Confirming fusion models

We defined four fusion models to denote the fusion gene strand direction based on supporting split fragment aligning orientations and gene transcribing orientations. f f is one fusion model that upstream gene and downstream genes are both forward transcribed and splicing in the forward orientation. Similarly fused genes both having reversed strand orientations are defined as rr model. Besides, fr is another fusion model for the fusion gene which is generated by upstream gene with forward orientation and downstream gene with reversed orientation, while fusion model rf confronts fr that fusion gene with rf model concatenates the reversed strand sequence of upstream gene to the forward strand sequence of downstream gene.

Aggregating candidate fusions

For paired-end RNA-seq data, GFusion identifies candidate fusions based on the number of split fragments and spanning fragments as an evidence of gene fusion events. Spanning fragments are special discordant pair alignments harboring fusion boundaries in the insert segments with each read aligning to the different genes. To search spanning fragments, firstly we selected the aligned reads with high mapping quality scores from initial alignment results. If the reads with common query name hit different gene exons on the side of potential fusion boundaries, the read pairs are stored as potential spanning fragments.

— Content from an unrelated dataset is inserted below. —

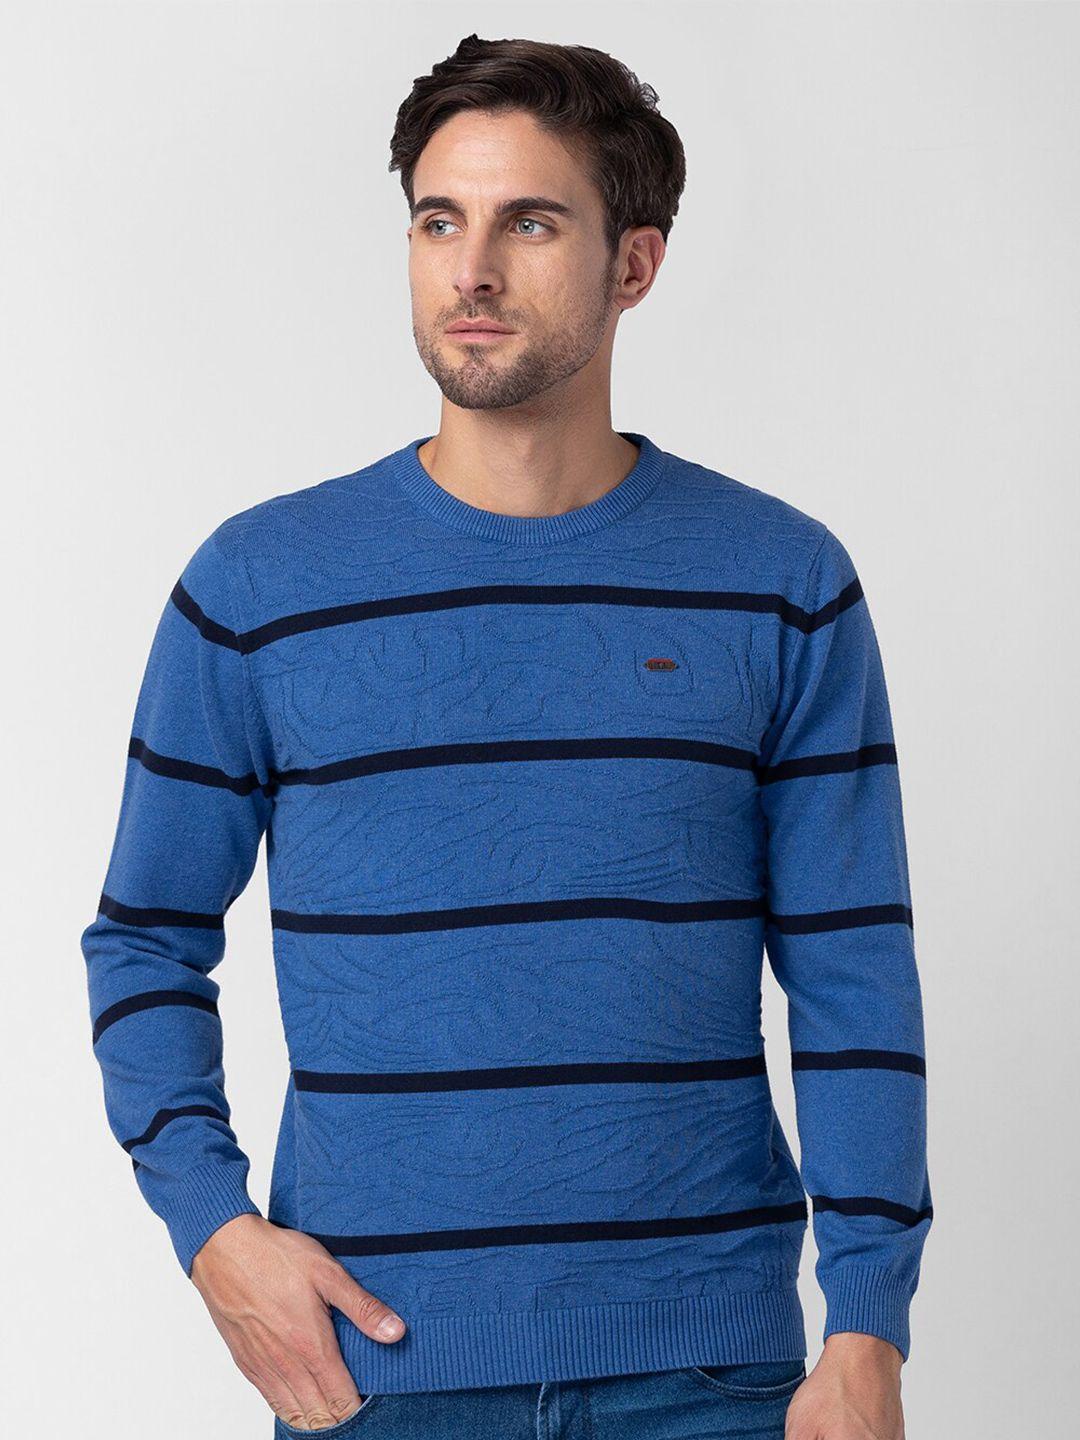 globus-men-striped-cotton-pullover

By default, GFusion only reports fusion candidates supported by at least one split fragment and one spanning fragment to remove false positive fusions.

Constructing fusion index and realigning

After identifying the potential fusions, we constructed the bowtie reference index using the potential fusion sequences and realign all the supporting fragments against the index for further filtering. This is the last filtering step to eliminate false positives. All sequences of fusion genes on the each side of fusion boundaries are collected and concatenated to produce the pseudo fusion reference indexes. For example, when the fusion model is fr, GFusion extracts upstream sequence from the first base to the fusion boundary base of upstream gene and extracts downstream sequence from the fusion boundary base to the last base of downstream gene using reference genome sequence file (hg19.fa). While the fusion model is rf, GFusion extracts upstream sequence from the fusion boundary base to the stopping base of downstream gene with reverse-complemented transforming and extracts downstream sequence from the fusion boundary base to the stop base of upstream gene. The upstream and downstream sequences are concatenated together to produce potential fusion reference sequences at fusion boundaries. Using fusion reference sequences, GFusion is able to build fusion bowtie index for supporting fragments realigning by Bowtie. Every candidate split fragments and spanning fragments are realigned against constructing index to recount the number of supporting fragment. As described in Step6, GFusion finally confirms fusion genes with fusion boundaries, fusion transcript model supported by at least one split fragment and one spanning fragment.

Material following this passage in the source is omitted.